Raph Levien, a member of the Fuchsia OS team at Google, apparently spends a significant amount of his time (his 20% time perhaps) on Xi, a new text/code editor. Levien has lofty goals for the code editor, including availability for all desktop platforms, and, of course, being the primary text editor for Google’s forthcoming Fuchsia OS.
From the project’s abstract:
Xi is a project to build a modern text editor with uncompromising performance. Its thoroughly async, loosely coupled design promises performance and rich extensibility, but creates interesting engineering challenges, requiring advanced algorithms and data structures. In addition to pushing the state of computer science for text handling, the project also seeks to build an open-source community for teaching and learning, and working together to create a joyful editing experience.
Xi (pronounced “Zigh”) puts Levien in the ring with Google’s own Android Studio, Microsoft’s Visual Studio (and VS Code), Apple’s Xcode and even recent Google ally Jetbrains’ IDEA family. In some ways, the editor also goes up against editors like Github’s Atom and Sublime Text. Each of these competitors have different goals that make them best at what they do. For Xi, the goal is to be fast, no matter what.

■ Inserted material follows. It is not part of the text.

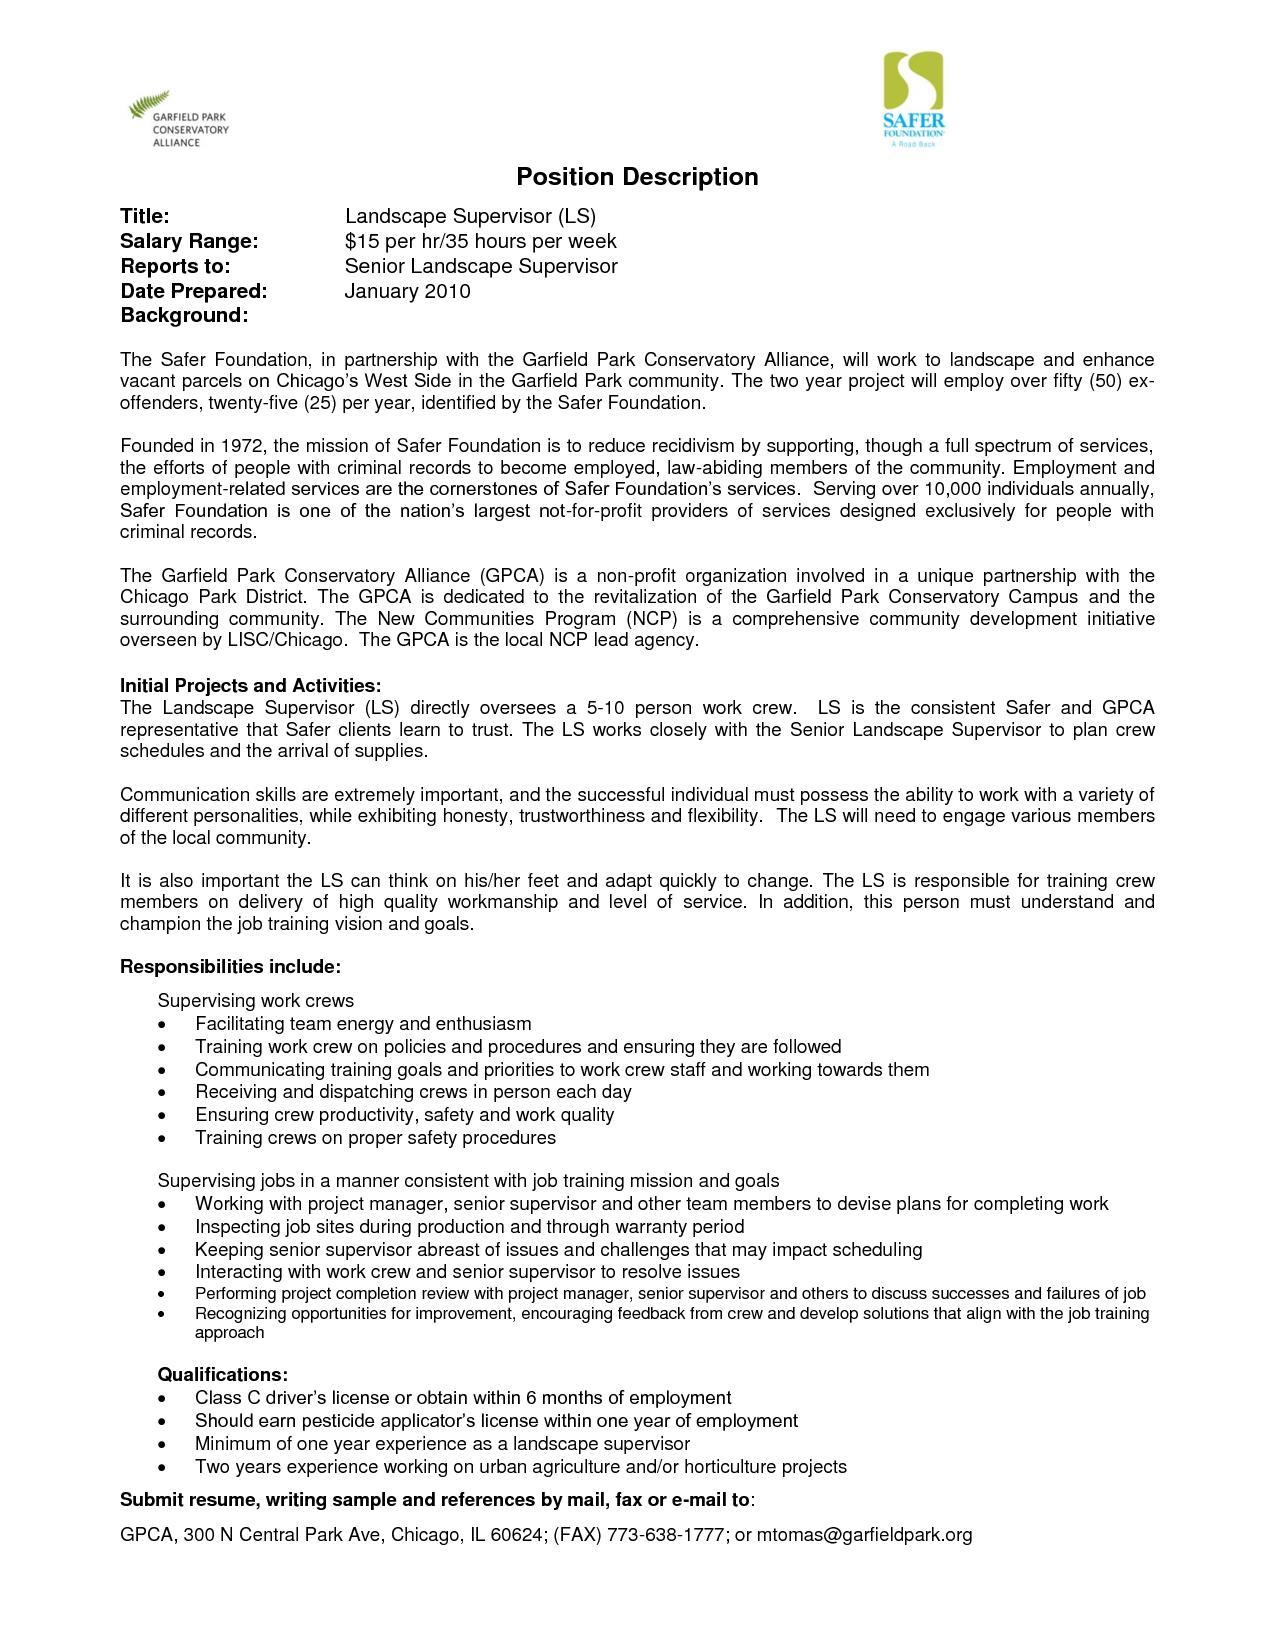 warehouse worker job description resume
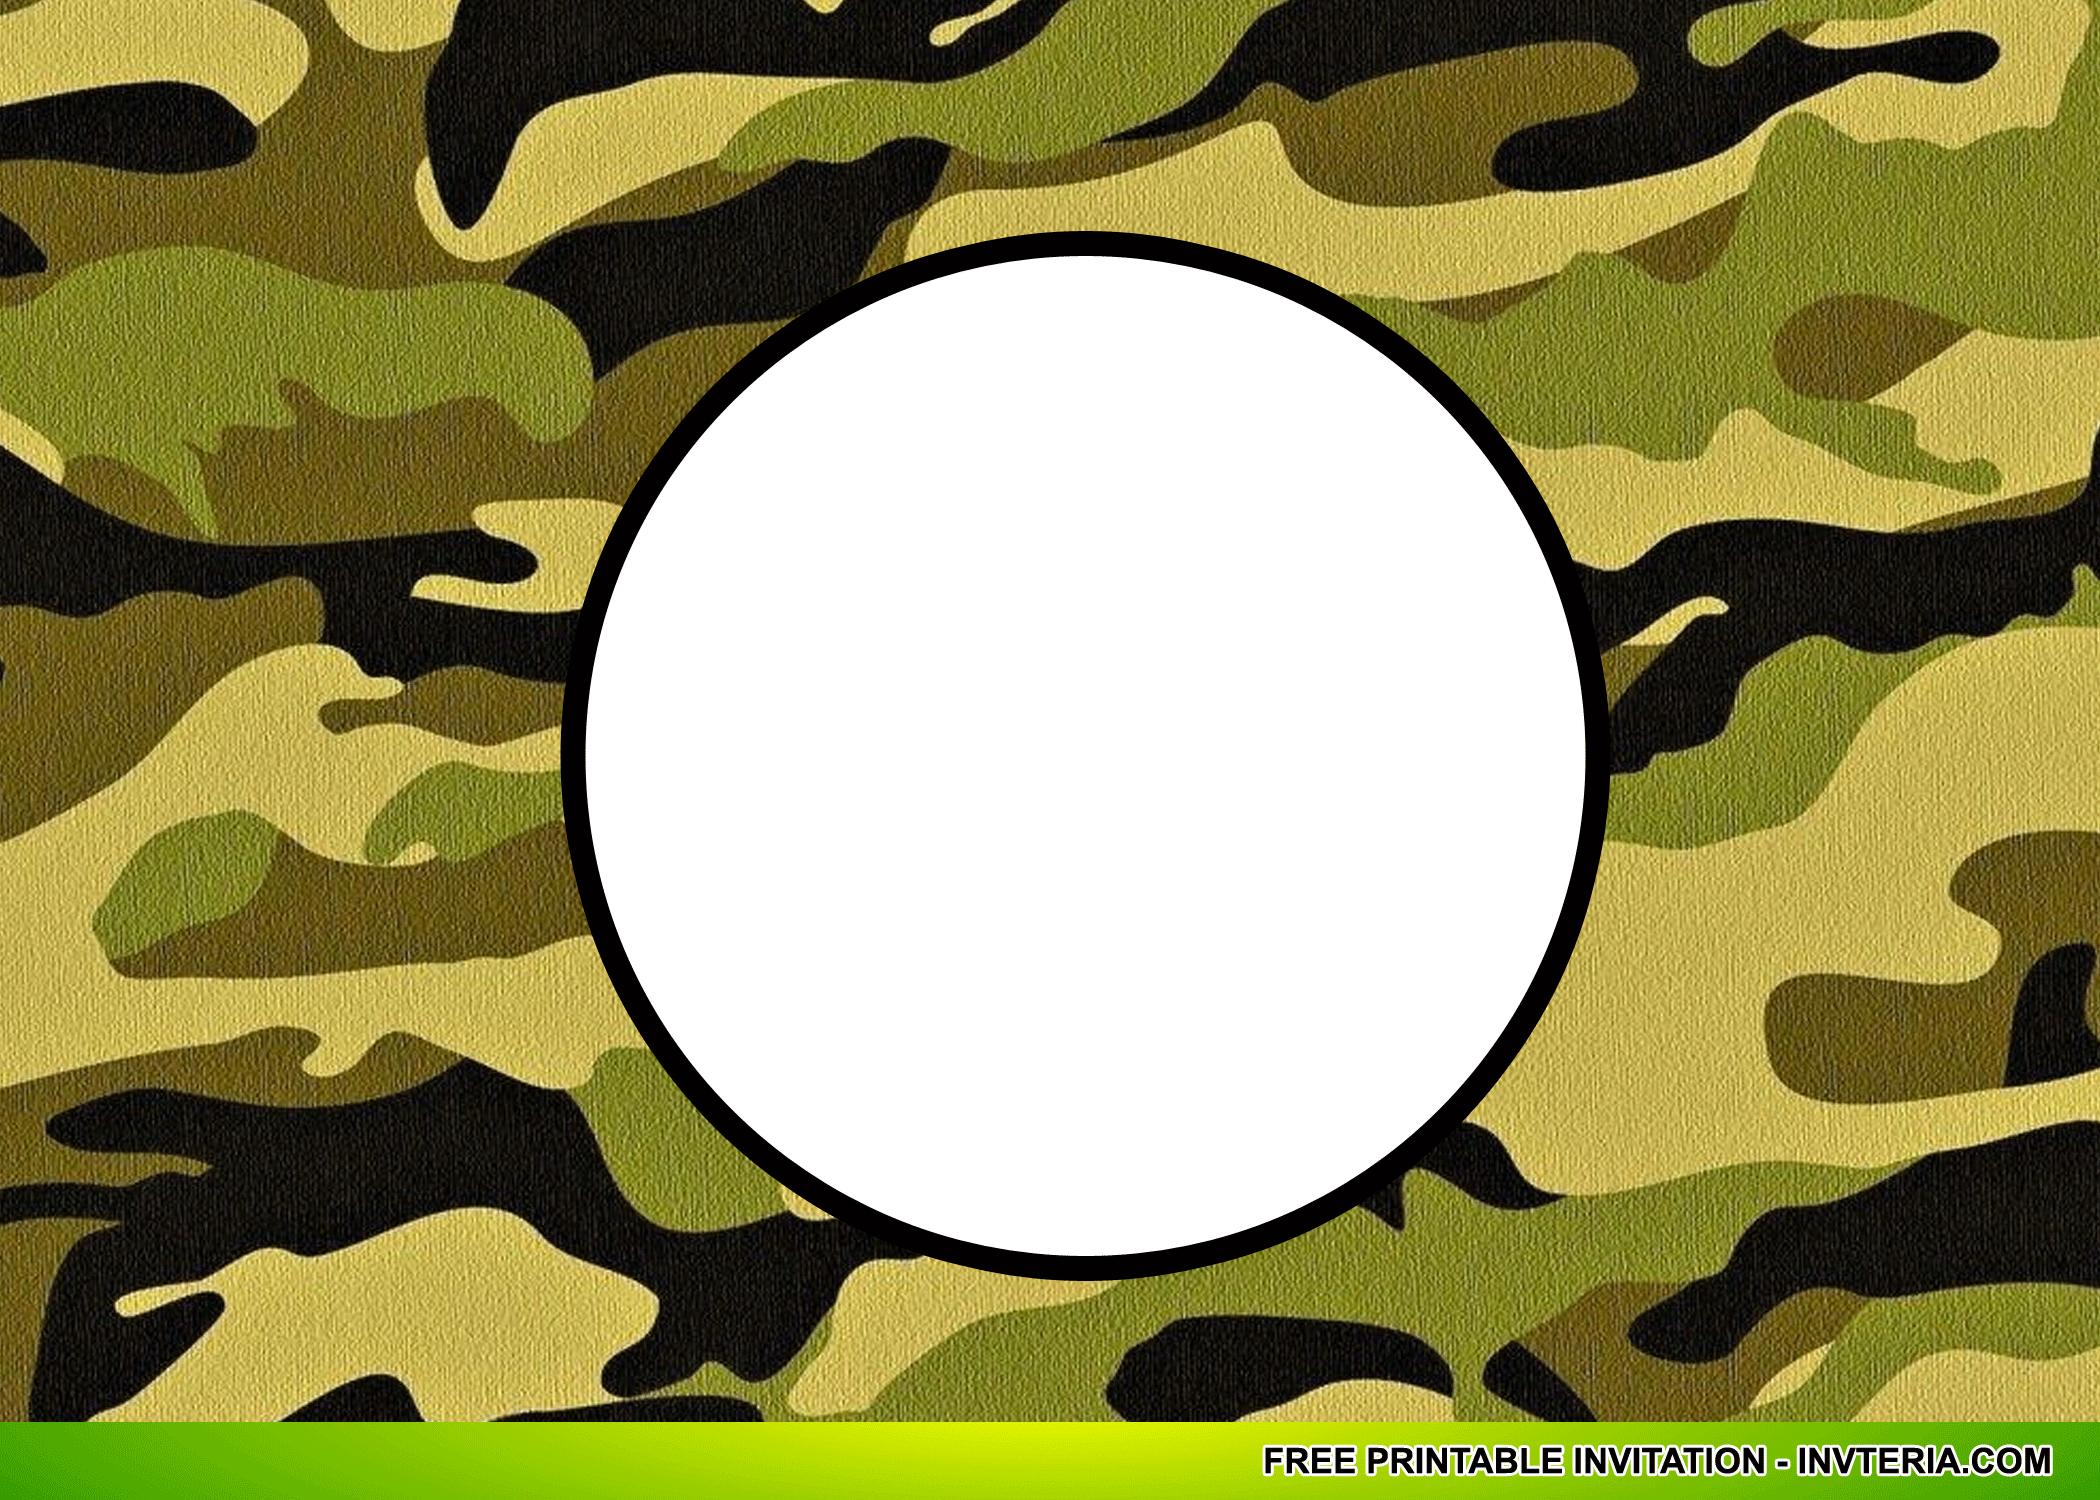 Cool Best Free Printable Camo Birthday Invitations Idea   Invitation - Free Printable Camouflage Invitations

“It really came from researching data structures… kind of going deeper into it and realizing that this could be the primitive, this could be the basis for building a really good text editor,” Levien says. “It feels to me that there’s a need for this. There are editors that are very usable but built on older technology, and then there are editors that are very rich in functionality, but are not performant. The most important thing of Xi is uncompromising performance.”
To make these speeds possible, Xi separates its core (built with Rust) from the UI. This separation also makes it easier to be cross-platform, with in-progress targets for Mac, Linux, Windows, and in past even Android.